In addition, each one of the fluid supply or inlet line, conduit, or passage 232, 238, 240, 234, respectively, leading to the metering device or applicator head 136, 134, 132, 130 is a fluid supply or inlet line, respectively. Pressure transducers XD1-634 operably and fluidically coupled thereto to sense or detect common operating pressure values P1, P2, P3, P4, respectively, within the conduit, or passage 232, 238, 240, 234 , XD2-636, XD3-638, XD4-640). Furthermore, the plurality of pressure transducers XD1-634, XD2-636, XD3-638, XD4-640 are connected to the plurality of electronic controllers CTRL1-642, CTRL2-644 by signal lines 650, 652, 654, and 656. , CTRL3-646 and CTRL4-648, respectively, are operatively connected to the electronic controllers CTRL1-642, CTRL2-644, CTRL3-646, CTRL4 to detect or detect the detected working pressure values P1, P2, P3, and P4. And a plurality of electronic controllers CTRL1-642, CTRL2-644, CTRL3-646, CTRL4-648, respectively, by means of suitable signal lines 658, 660, 662, 664 and a plurality of various pneumatic transformers. It is recognized that it is adapted to connect to the producers IP1-614, IP2-616, IP3-618, IP4-620, respectively. In addition, the plurality of electronic controllers CTRL1-642, CTRL2-644, CTRL3-646, CTRL4-648 are also programmable logic controllers (PLC-666), for example, by signal lines 668, 670, 672, and 674. It is adapted to be connected to each system controller including a.

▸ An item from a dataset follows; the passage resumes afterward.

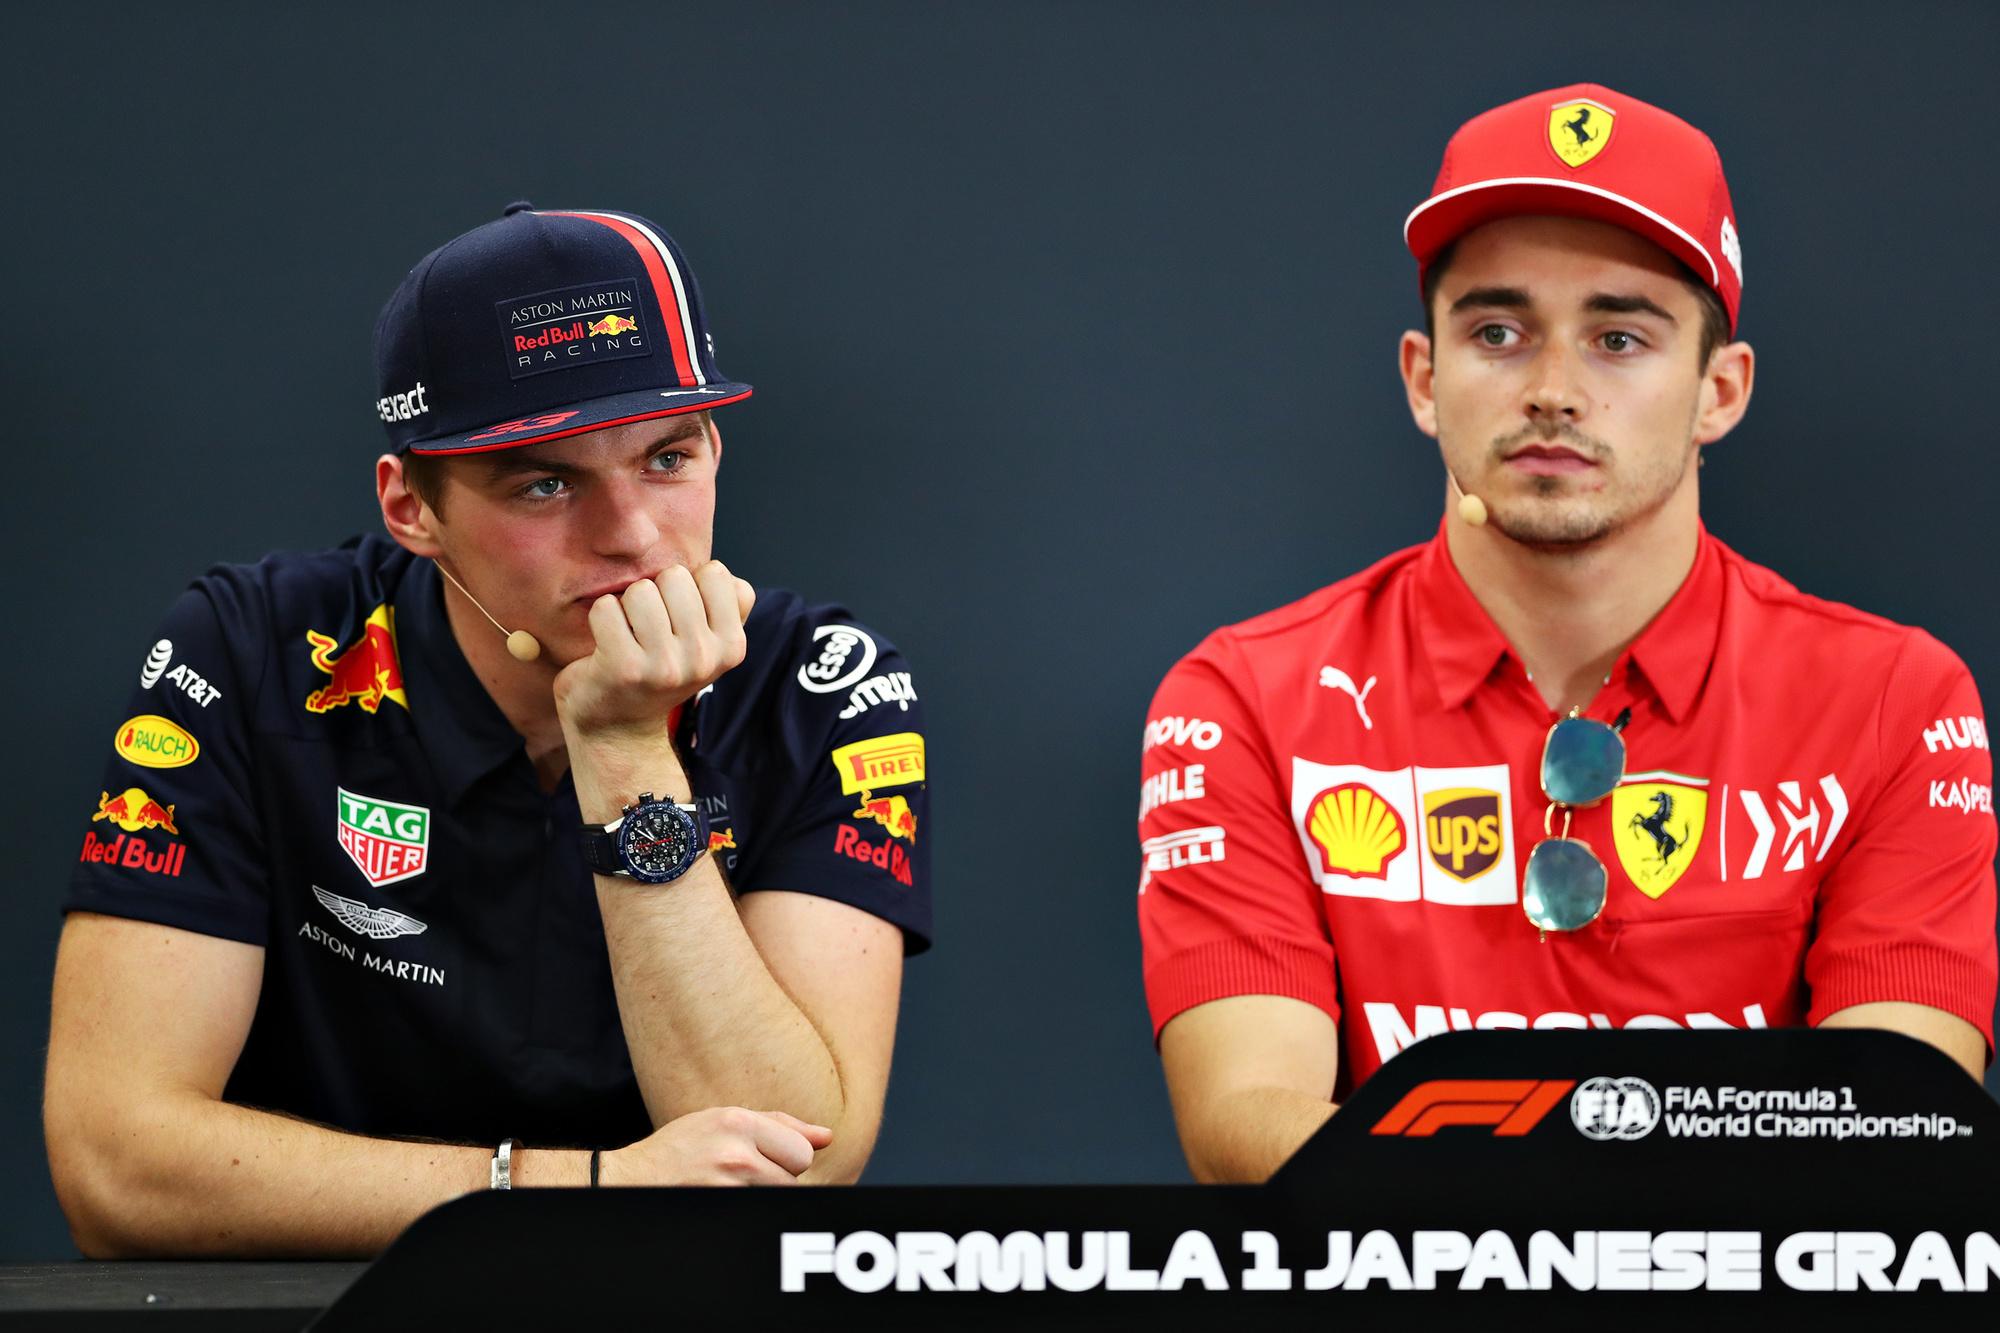 Wie wordt de grootste uitdager van Lewis Hamilton? Max Verstappen of Charles Leclerc?

In this way, the plurality of pressure transducers XD1-634, XD2-636, XD3-638, XD4-640 may provide a general working pressure within the fluid supply or inlet line, conduit, or passage 232, 238, 240, 234. Detects or detects values P1, P2, P3, P4, respectively, and the signals corresponding to such working pressure values P1, P2, P3, P4 are electronically controlled by signal lines 650, 652, 654, 656. (CTRL1-642, CTRL2-644, CTRL3-646, CTRL4-648). Again, electronic controllers CTRL1-642, CTRL2-644, CTRL3-646, CTRL4-648 are connected by signal lines 668, 670, 672, 674, for example, to desired or predetermined operating pressure values stored therein ( Communicate with programmable logic controller (PLC-666) with P1, P2, P3, P4, whereby a suitable signal is programmed by programmable logic controller (PLC-666) with signal lines (668, 670, 672, 674). ) Are sent back to the individual electronic controllers CTRL1-642, CTRL2-644, CTRL3-646, CTRL4-648, respectively, to the plurality of electronic controllers CTRL1-642, CTRL2-644, CTRL3-646, CTRL4-648. In order to adjust or maintain the working pressure values P1, P2, P3, P4 again to the desired level if necessary, the plurality of pressure reductions are provided through means of the plurality of control supply inlet lines 622, 624, 626, 628. Multiple various pneumatic transducers for individually and independently controlling the valves PRV1-606, PRV2-608, PRV3-610, PRV4-612 (IP1-614, IP2-616, IP3-618, IP4-620) can be controlled independently. Thus, by means of the closed loop monitoring system described above, various different working pressure values or parameters P1, P2, P3, P4, respectively associated with the metering device or applicator heads 136, 134, 132, 130, are independently Can be adjusted and controlled.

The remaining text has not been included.